Postby northwood » Sun Feb 17, 2013 10:39 am

its not about how much studying you do, how great you are in class, or how well you have prepared. Its all about how well you do on the exam. Professors dont see you studying, dont know whose writng what, and only have the paper, and their rubric and administer points. They will asume that the A's studied the most, were the most prepared etc.

Some schools have arbitrary grade cut offs. That means that most 10% of a class can write an A exam, 25% of the class can write a B+ exam, 25% of class can write a B exam, etc ( or whatever the curve guidelines are at your school. if you have questions, ask the prof) So while the top 60% of the class knows the law, the differences between an A and B exam, may not be that much.

That being said, grading can be a bit nitpicky. A lot of the classmates will spot the isues, and write the rule and elements. How well they articulate teh rule, and apply the elements to the fact pattern is different. that is where teh top grades separate themselvs from teh bottom grades, assuming everyone spotted the isues, and the correct rule/ elements. ( if not, well then that test isnt in the running for top grades). Determining how well the test is articulated, is up to professor. Some like a lot of relevant case law ( and a tie as to how its relevant), others want more a more policy oriented analysis. Others dont like policy, and see it as a mid exam fishing expidition- and will skim it.

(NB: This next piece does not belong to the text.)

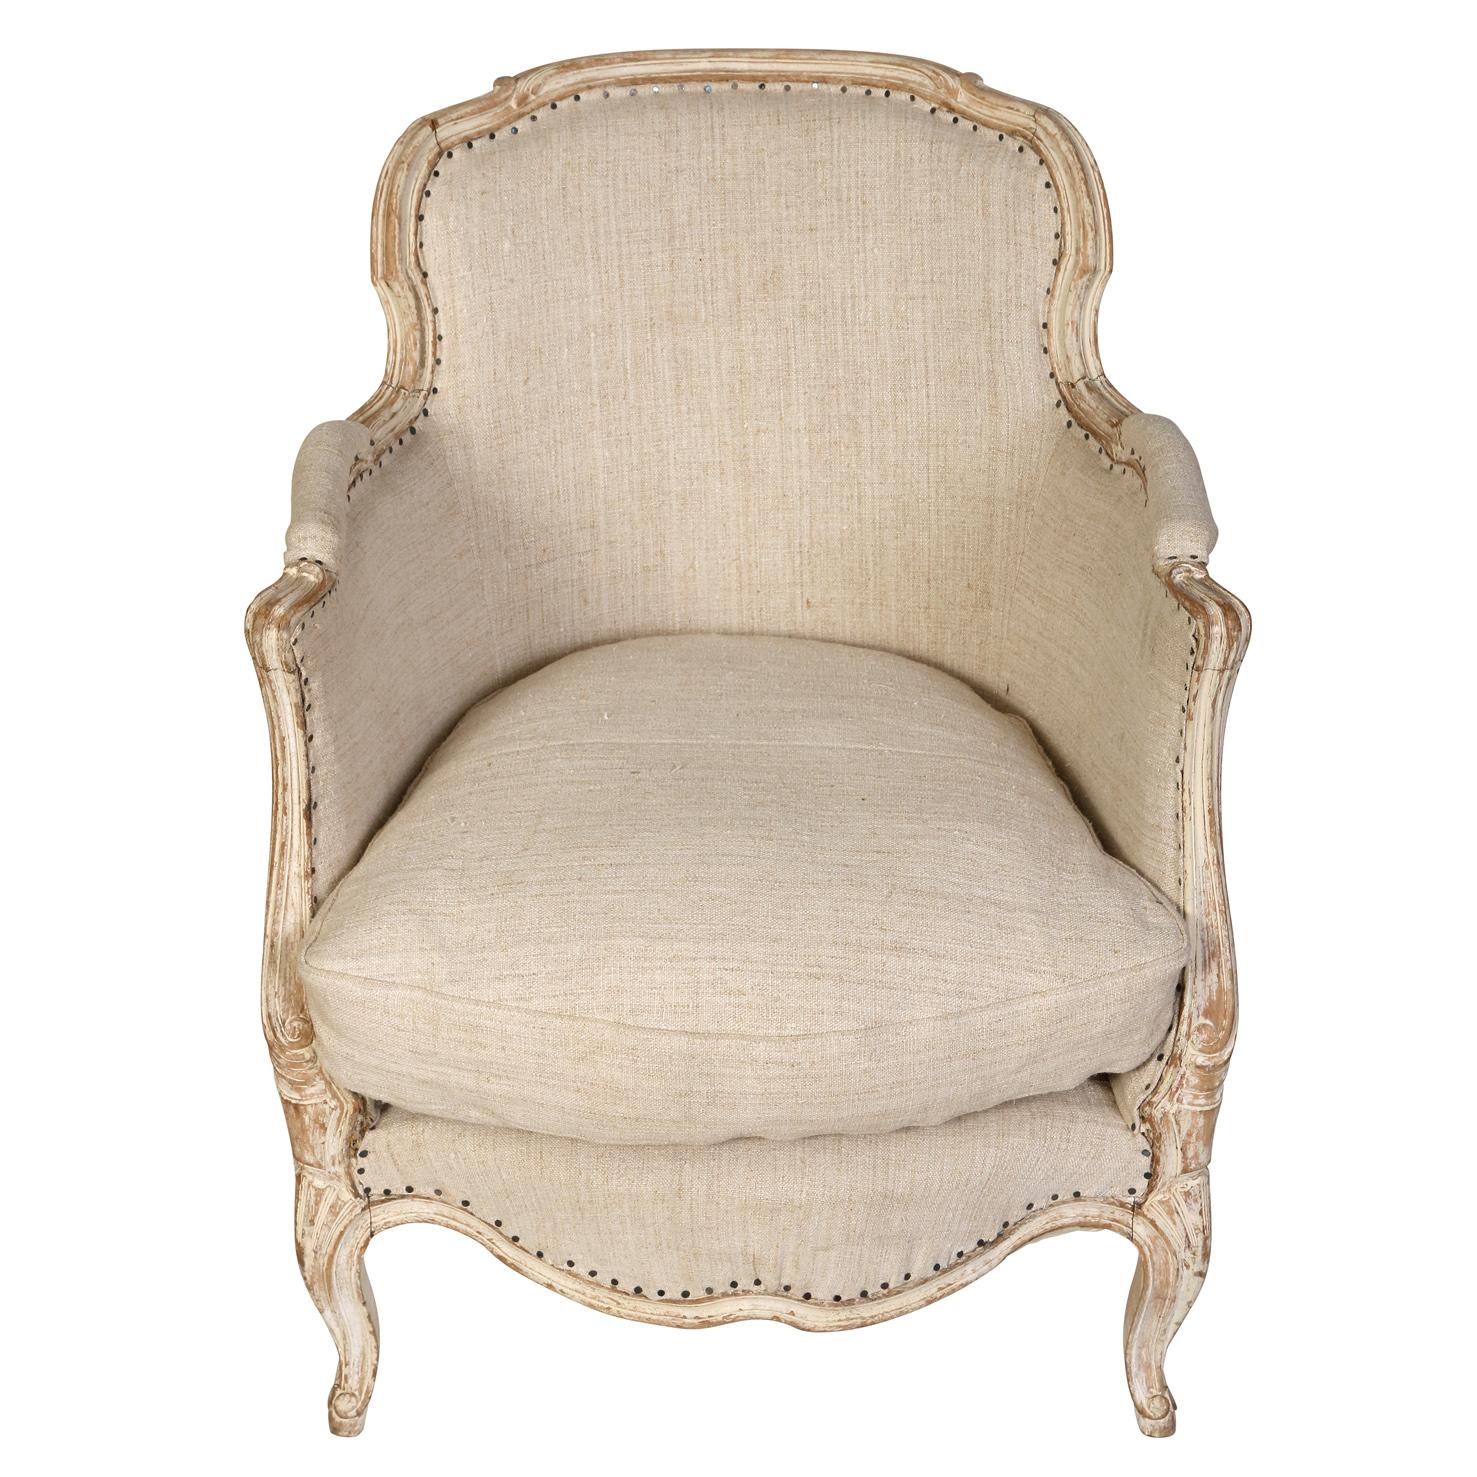 We love the scale of this pair of Louis XV style bergêres.  This duo has a grayish white finish upholstered in a natural linen with a tight back and loose seat cushion.  The lovely carving and cabriole legs are characteristic of the Lous XV style,

Some take points off for a mis applied case, or mis applied elements. Some professors like you to argue both sides evenly, while others want you to pick a side, defend it, and only mention ( and then defeat) a counter argument.

The difference between an A and a B+ can be as minimal a 2-3 sentences( this is a bit dramatic, but its to explain it better), where the A was able to get 5 points, and the B+ was not. What is needed to go in those two sentences depends on the professor's personal likes and dislikes ( which is why its important to pay attention to the professor in class- they may give you hints) Others will not award points, or take points away if you defeat your own argument ( or switch sides in the middle of the exam answer) Others dont care about wha side you pick, just want to hear both sides. Spelling and gramer can also play a role in deciding the grade.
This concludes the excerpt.